Have you ever purchased protein or energy bars for your family only to be baffled by the list of ingredients?  The list often includes additives, preservatives and colors I can’t even pronounce.  Buying healthy snacks can be confusing.  Sometimes I feel like I need a chemistry degree to choose wisely.

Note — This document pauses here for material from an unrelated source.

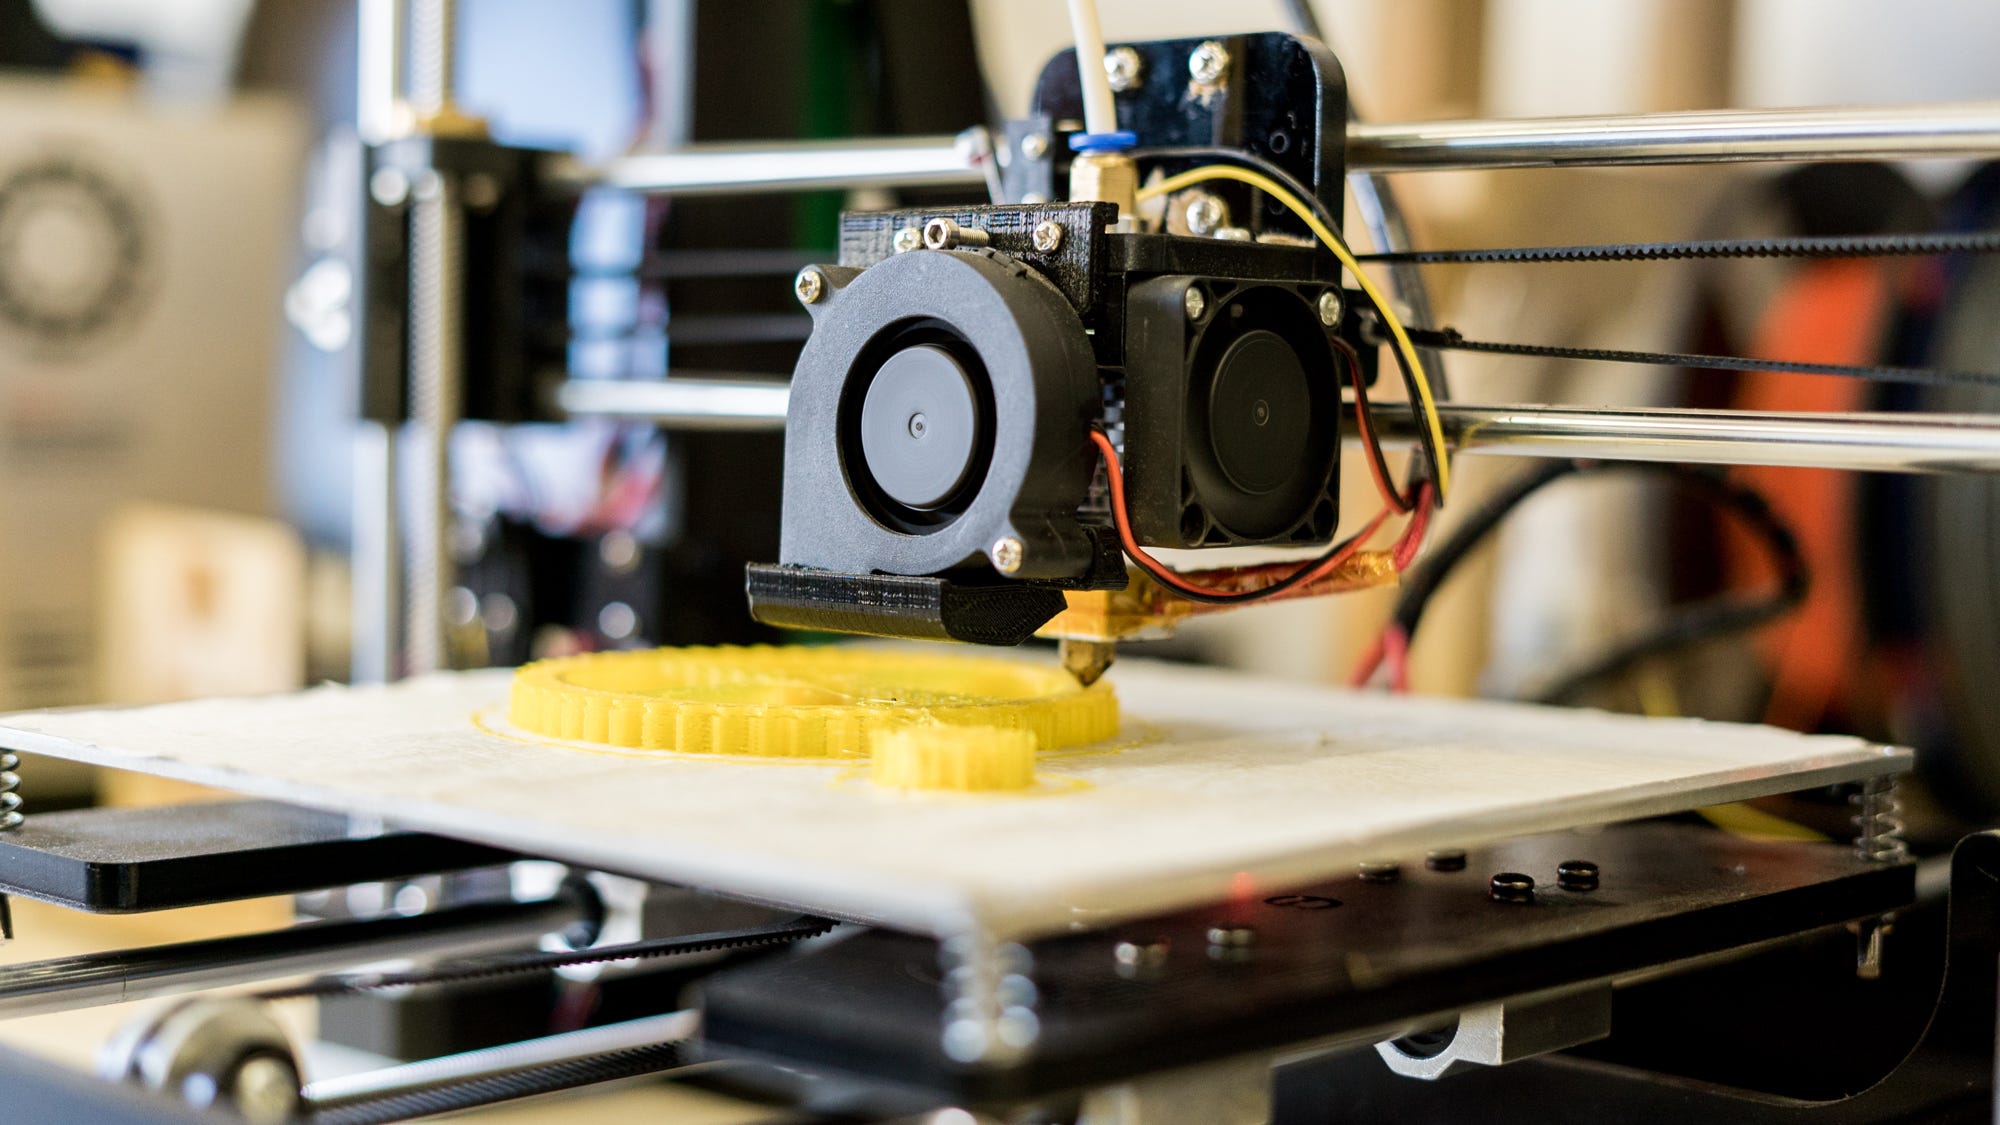 Impressoras 3D: O seu papel no mundo tridimensional | by FAB LAB LIVRE SP |  Medium

These wholesome balls, packed with quality ingredients, stay together, pack well in school lunches and give you good calories that will sustain your energy.  I like to play with this recipe from time to time.  If you use only ground flax seed the balls will be more creamy like a cookie dough and not as “seedy” as my kids say. I find it still holds together well.   I like the seeds because it gives it a more dense chewy texture.  Try it different ways and find your favorite. This one has a combo of dark chocolate discs and dark chocolate chips. I’m often a little heavy handed with the chocolate.  Life’s too short not to be!

What simple ingredients are in these amazing, portable, healthy snacks?

Oats
One of natures perfect whole grains. They are cheap, easy to find (and easy to get gluten-free if needed).  I use old fashioned oats and they make a chewier energy ball. You could use quick cooking oats (still a whole grain, they are just cut smaller) or half and half to change the texture. The flavor will stay the same with either, but the texture will change. The quick cooking oats will make the balls softer.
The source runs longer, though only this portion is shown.